Monday, November 13, 2006

Dr Haskell progress

I've been working on Dr Haskell for a little bit, and its now quite a bit cleverer. For those who don't know, Dr Haskell tries to make helpful suggestions about your code. For example, if you use "concat (map f x)", it will suggest you use "concatMap f x". It can also do other clever things, for example:

not (a == b) ===> use /=

if x `elem` xs then True else x == 1 ===> use an or

if bracket then "(" else "" ===> ['(' | bracket]

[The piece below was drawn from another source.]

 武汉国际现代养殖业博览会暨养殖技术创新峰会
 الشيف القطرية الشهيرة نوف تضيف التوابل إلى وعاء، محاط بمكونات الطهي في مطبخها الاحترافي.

The idea is to introduce beginners to new functions or patterns of Haskell that they might not have been aware of, without requiring too much thought or learning, until you have identified such an instance. I think of this as a nice complement to Hoogle, since Hoogle caters for the case when beginners have already identified where a common pattern may lie.

Of course, the biggest weakness in Dr Haskell is that it matches at the expression level only, a beginner might write:

takeheads [] = []
takeheads (x:xs) = head x : takeheads xs

(And indeed they do, I've seen that 4 times already today!) An experience programmer would recognise that as a map, and now, so will Dr Haskell! It will report "specialised version of map used as takeheads, line number n".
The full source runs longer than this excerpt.